Les illusions du RIC

Les Gilets jaunes sont en colère, à juste titre, contre les partis qui ont tous défendu une politique oubliant complètement la situation dramatique des millions de personnes qui n’arrivent pas à boucler leur fin de mois, et même à vivre tout simplement. C’est pourquoi le « référendum d’initiative citoyenne » (RIC) leur paraît être la bonne solution. Il permet en effet à la population de s’exprimer directement, sans passer par le filtre déformant des partis politiques.
Ils rejoignent ainsi, sans le savoir, l’analyse que faisait la philosophe Simone Weil des partis politiques il y a bientôt cent ans. La militante politique et mystique chrétienne – bien que née dans une famille agnostique – plaidait en effet pour « la suppression générale des partis politiques » :
« Comment donner en fait aux hommes qui composent le peuple de France la possibilité d'exprimer parfois un jugement sur les grands problèmes de la vie publique ? interpelle Simone Weil. Comment empêcher, au moment où le peuple est interrogé, qu'il circule à travers lui aucune espèce de passion collective ? Si on ne pense pas à ces deux points, il est inutile de parler de légitimité républicaine. » Pour y remédier, selon la philosophe, il s'agit de supprimer purement et simplement les partis politiques, « organismes publiquement, officiellement constitués de manière à tuer dans les âmes le sens de la vérité et de la justice ». Argumentation ? Les partis servent une propagande – « celui qui n'en ferait pas disparaîtrait du fait que les autres en font » – et « le but avoué de la propagande est de persuader et non pas de communiquer de la lumière », pointe la philosophe. « Supposons qu'un membre d'un parti – député, candidat à la députation ou simplement militant – prenne en public l'engagement que voici : Toutes les fois que j'examinerai n'importe quel problème politique ou social, je m'engage à oublier absolument le fait que je suis membre de tel groupe, et à me préoccuper exclusivement de discerner le bien public et la justice. Ce langage serait très mal accueilli. Les siens et même beaucoup d'autres l'accuseraient de trahison. Les moins hostiles diraient : Pourquoi, alors, a-t-il adhéré à un parti ? ».
Donc vive la démocratie directe ! On pense tout de suite à la Suisse. Comme l’explique le Figaro du 18/12 : « Plus de 550 objets ont été soumis au vote des citoyens suisses depuis la naissance de l’Etat fédéral en 1848. Dans l’agenda politique, au minimum quatre dimanches par an sont réservés aux votations. Et c’est sans compter les objets cantonaux sur lesquels les habitants d’un canton ou d’un autre sont appelés à ce prononcer. En 1893, les Suisses votaient déjà pour l’interdiction d’abattre le bétail de boucherie sans l’avoir préalablement étourdi ».
Mais cela ne se passe pas toujours aussi bien. Ainsi, en Californie, où l’ « initiative citoyenne » existe depuis 1911, des groupes de pression privés y ont trouvé la possibilité de faire voter des lois qui contredisent la législation nationale, pour le meilleur ou pour le pire. « Depuis 2000, 2 milliards de dollars ont été dépensés, par exemple en vue d’annuler une loi visant à taxer le forage pétrolier pour financer les énergies renouvelables » (Le Figaro du 18/12).

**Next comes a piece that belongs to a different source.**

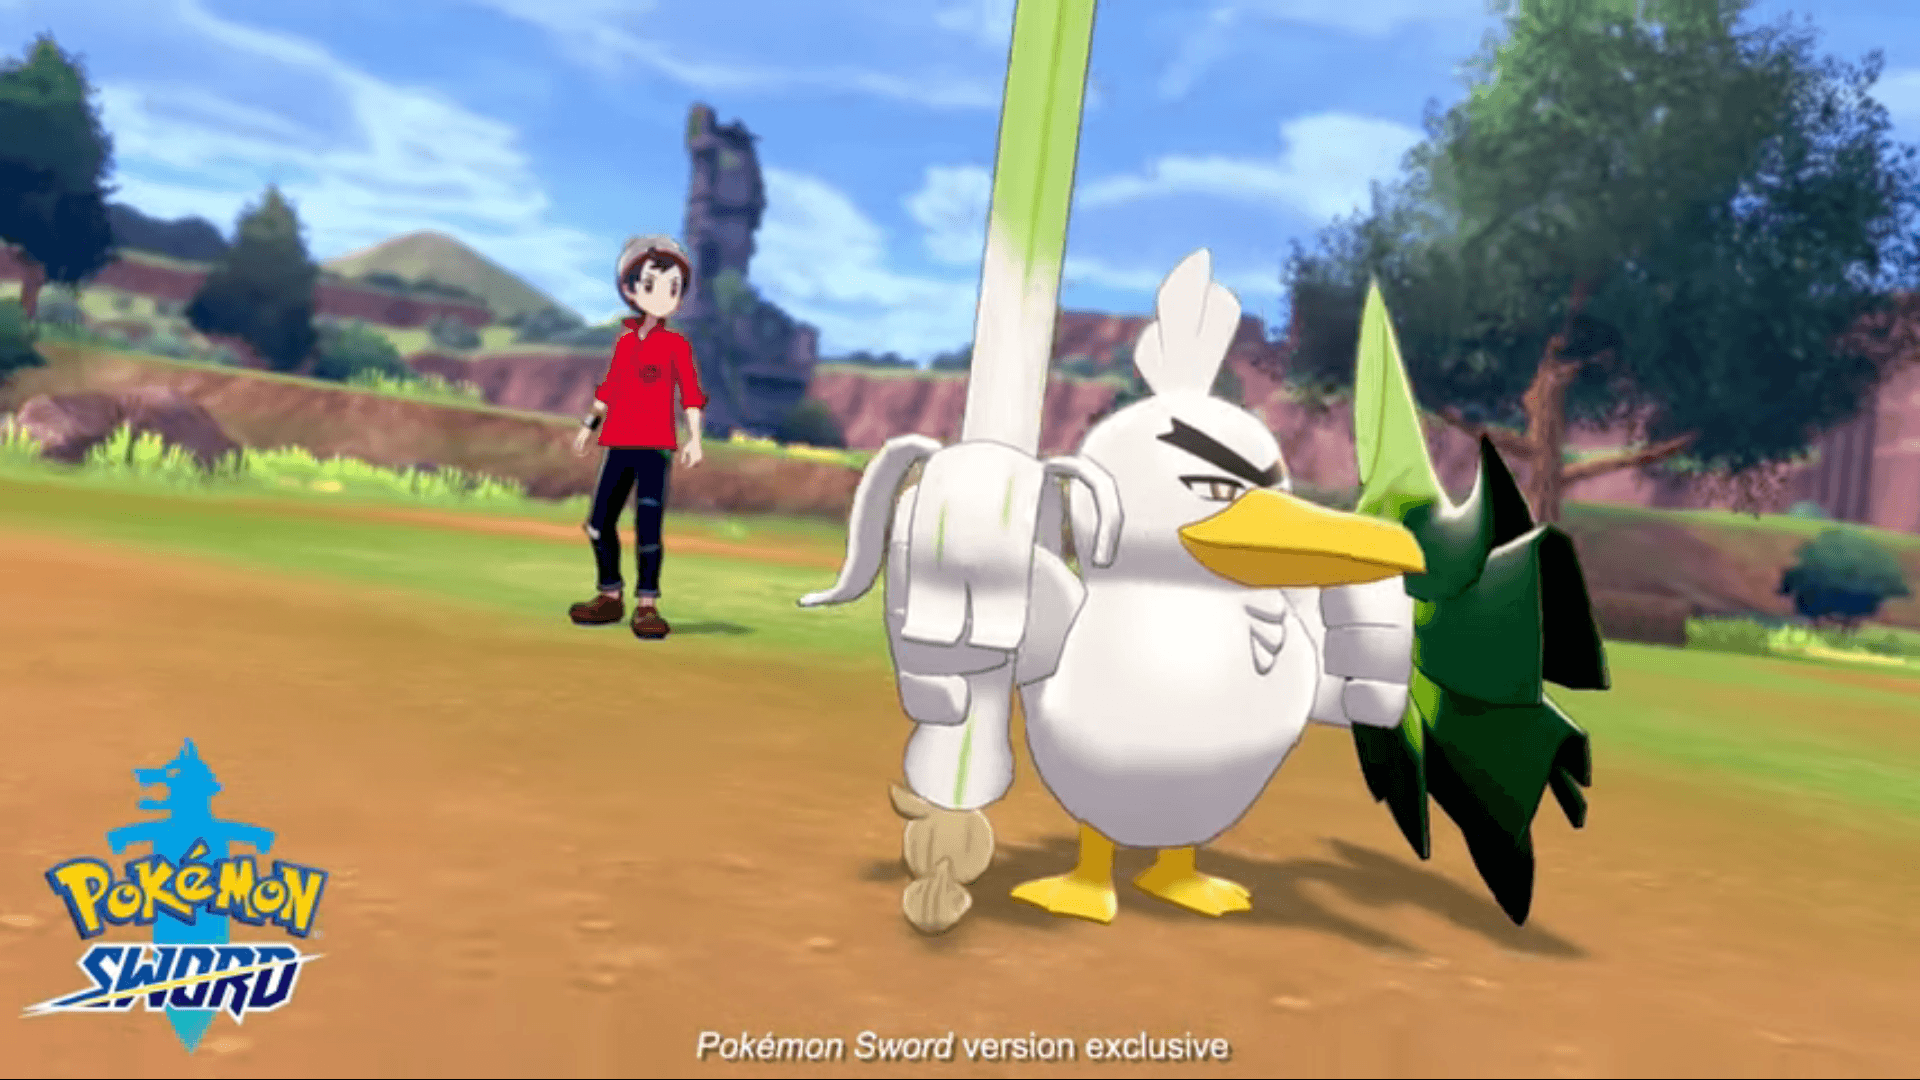 Sirfetch'd is confirmed to be a Pokémon Sword exclusive

Ainsi le RIC peut se retourner contre les citoyens

Alors, que faire ? Comment les justes revendications des citoyens peuvent-elles être entendues ? L’espoir placé dans le RIC provient de cette illusion que le peuple est souverain. C’est ce qu’on s’acharne à nous faire croire depuis la révolution française de 1789. Mais si on en est là, cela prouve bien que cela ne fonctionne pas, parce que des intérêts privés, se moquant délibérément des conditions de vie du peuple, s’arrangent pour faire voter les lois qui les servent, à l’encontre du bien commun.
C’est tout simplement le résultat d’une société sans Dieu. Rappelons encore et encore la parole du Christ : « Nul serviteur ne peut servir deux maîtres : ou il haïra l’un et aimera l’autre, ou il s’attachera à l’un et méprisera l’autre. Vous ne pouvez servir Dieu et l’Argent » (Luc 16, 13). Les rois de France se sont toujours battus pour la défense du peuple contre les oligarchies qu’étaient les féodalités. C'est pourquoi seul un roi, étant au-dessus des partis et dévoué à Dieu et au bien du peuple, peut veiller à orienter la politique dans le sens du bien commun.